■ Data segment:

* * *

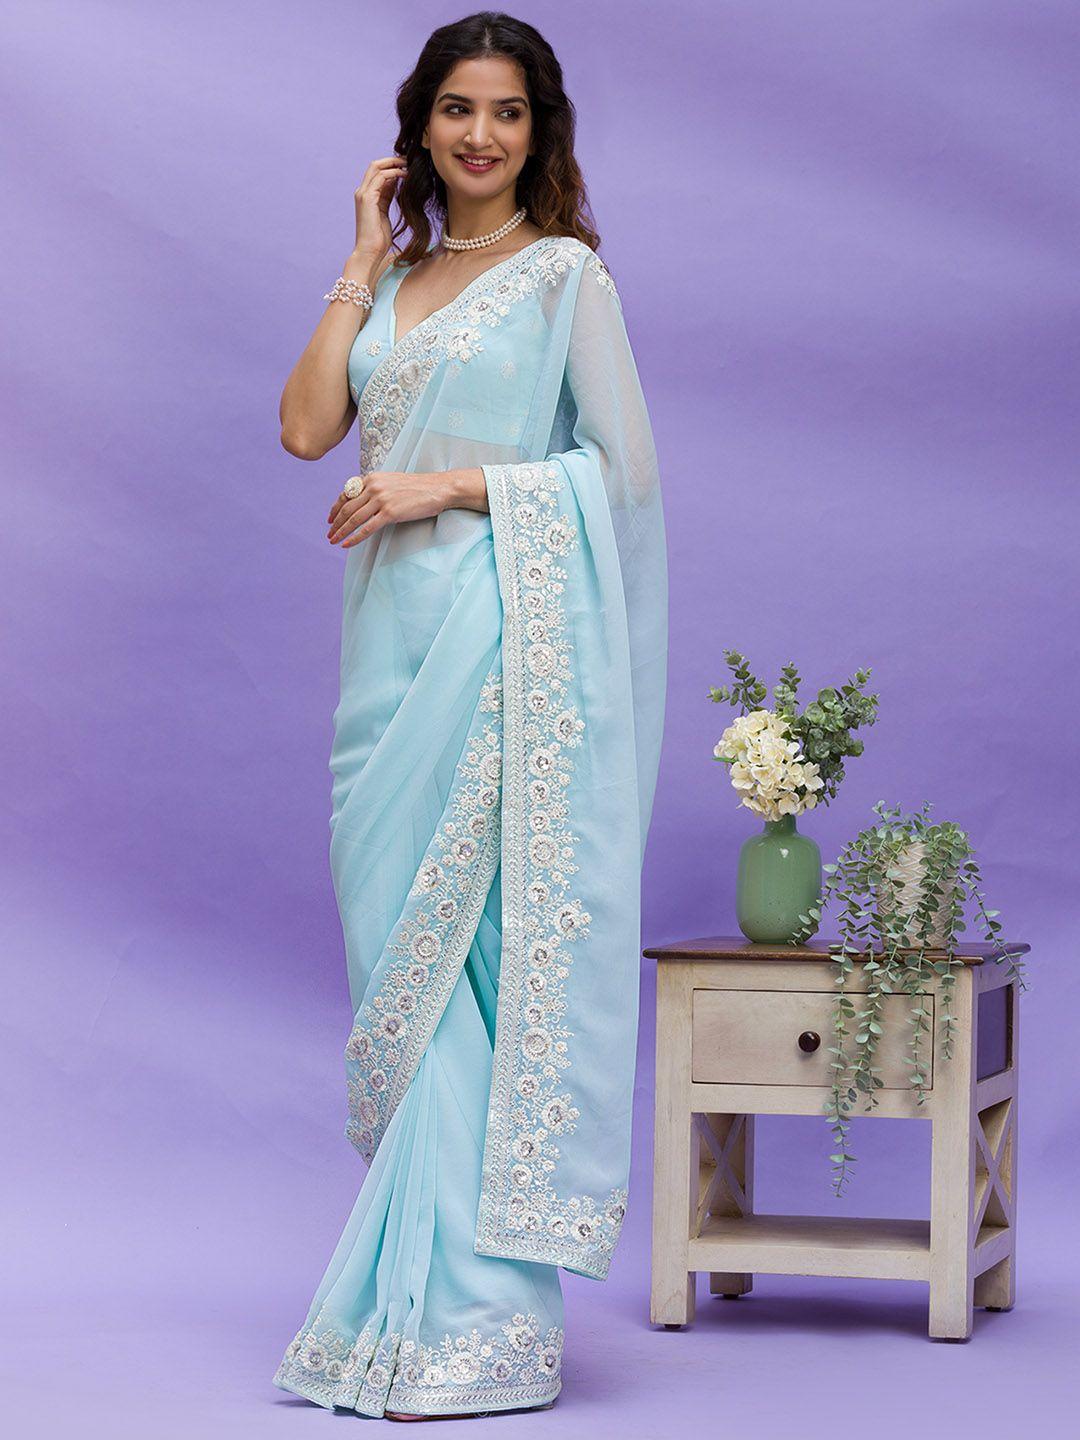 Koskii Blue & White Embroidered Poly Georgette Saree
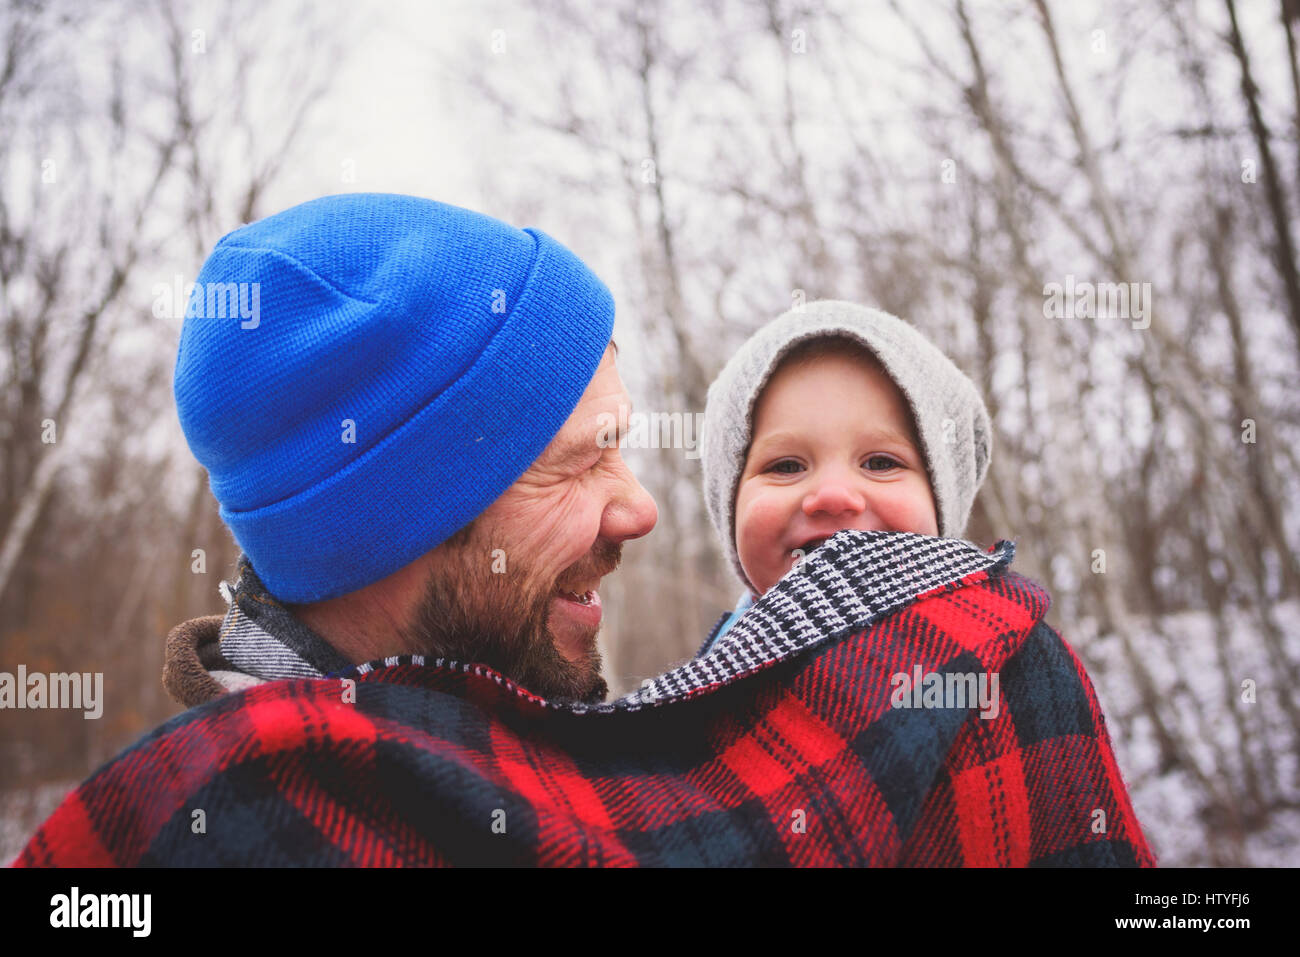 Portrait of a father carrying his baby son in a winter forest wrapped in a blanket Stock Photo
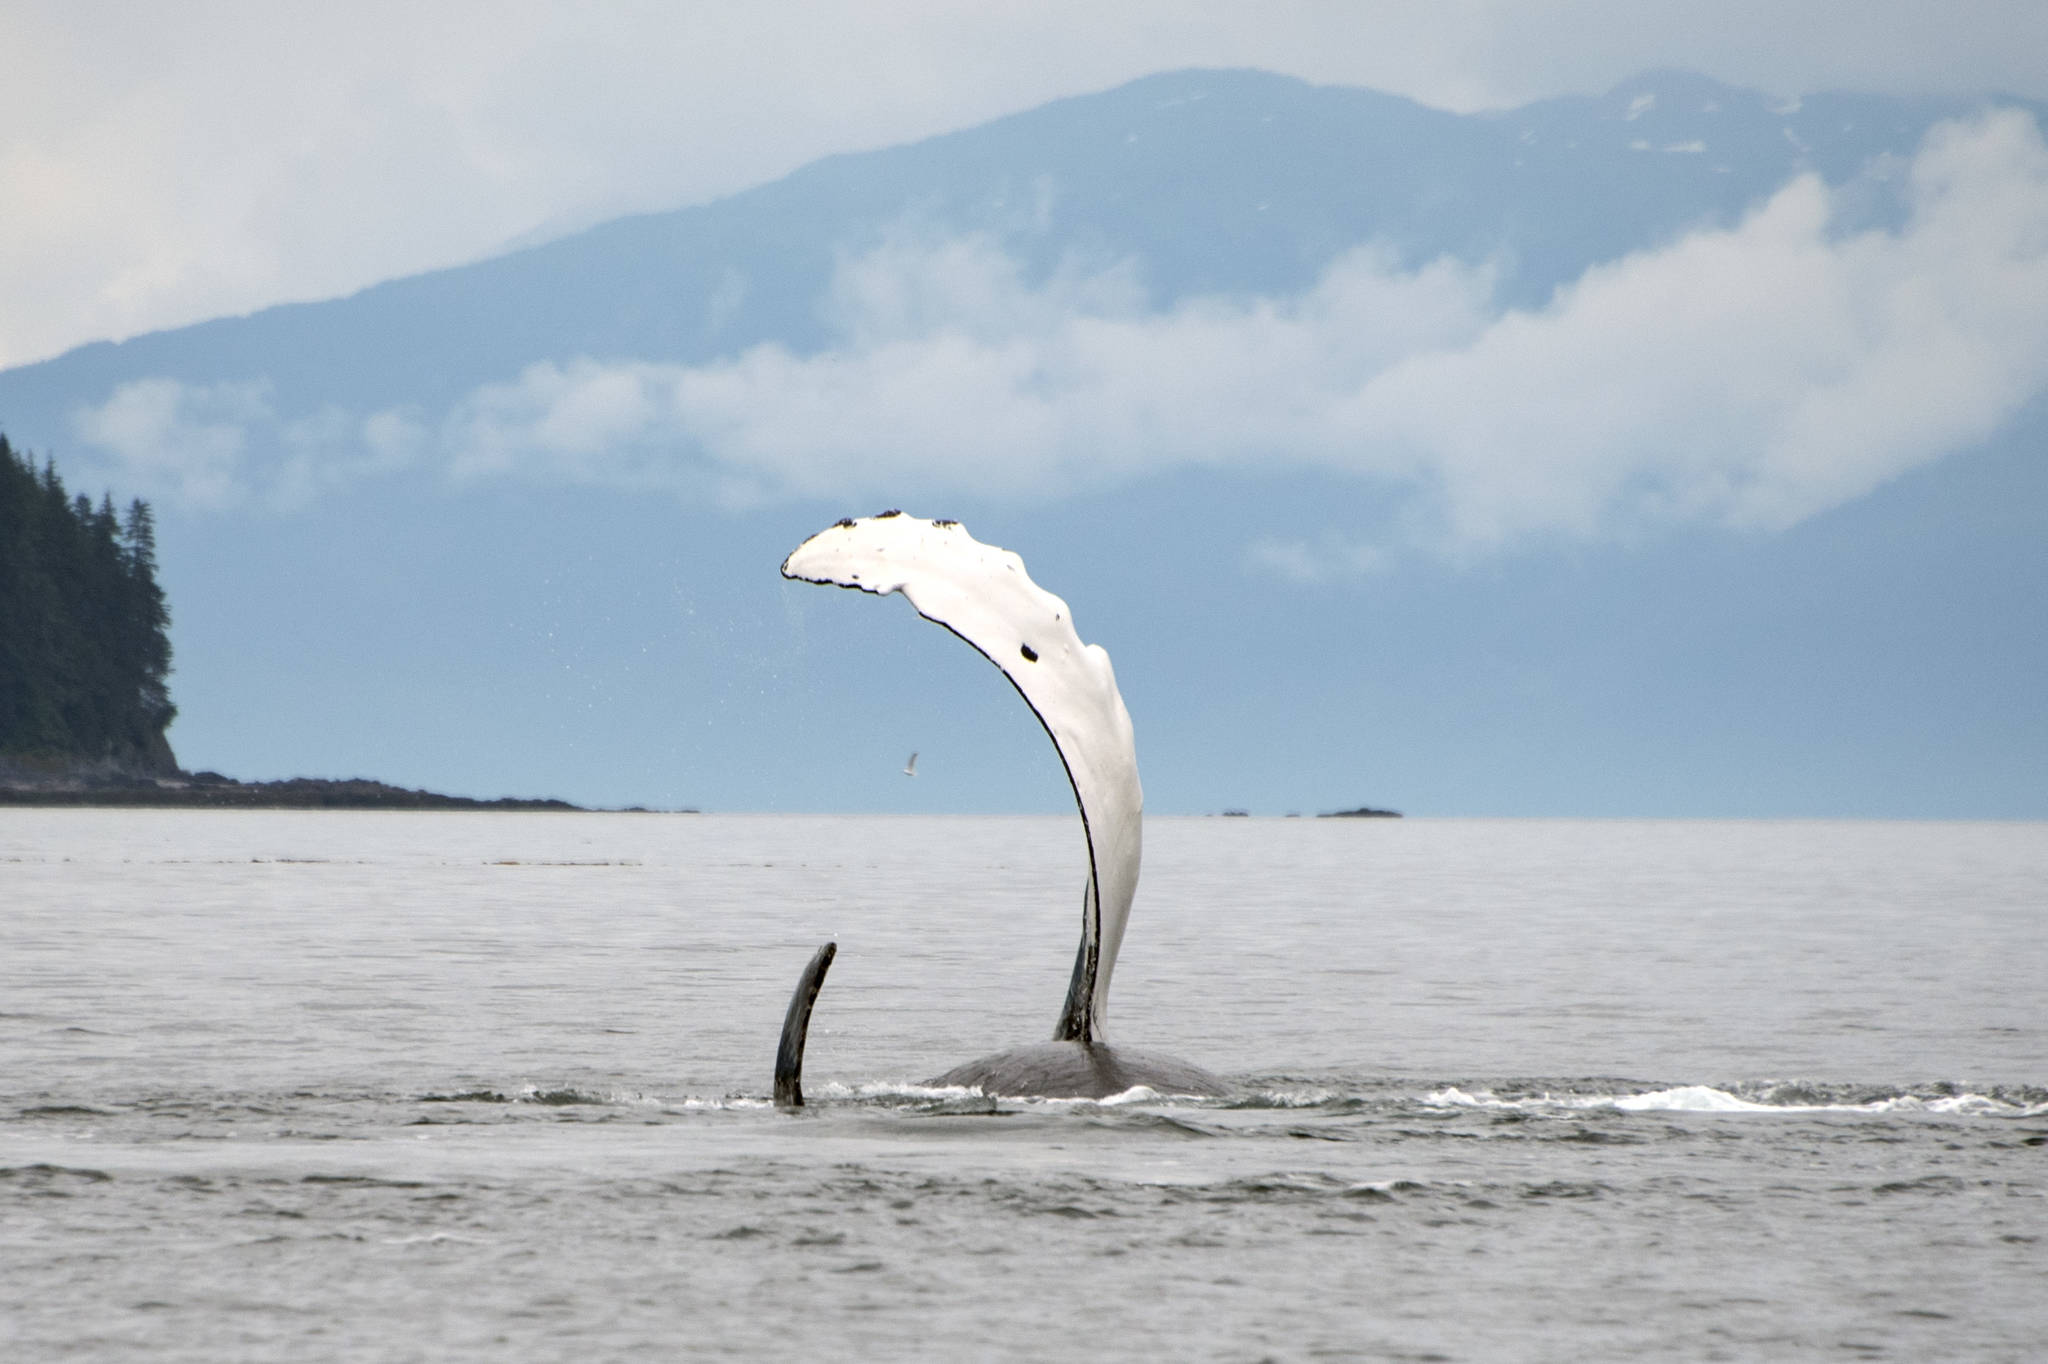 Humpback whales roll with pectoral fins above the water, just outside Tenakee Inlet on July 18. (Courtesy Photo / Kenneth Gill, gillfoto)

* * *

■ Task brief:
Write the material out again exactly. Do not include the pictures.

■ Answer to this exercise:
 Koskii Blue & White Embroidered Poly Georgette Saree
 Portrait of a father carrying his baby son in a winter forest wrapped in a blanket Stock Photo
 Humpback whales roll with pectoral fins above the water, just outside Tenakee Inlet on July 18. (Courtesy Photo / Kenneth Gill, gillfoto)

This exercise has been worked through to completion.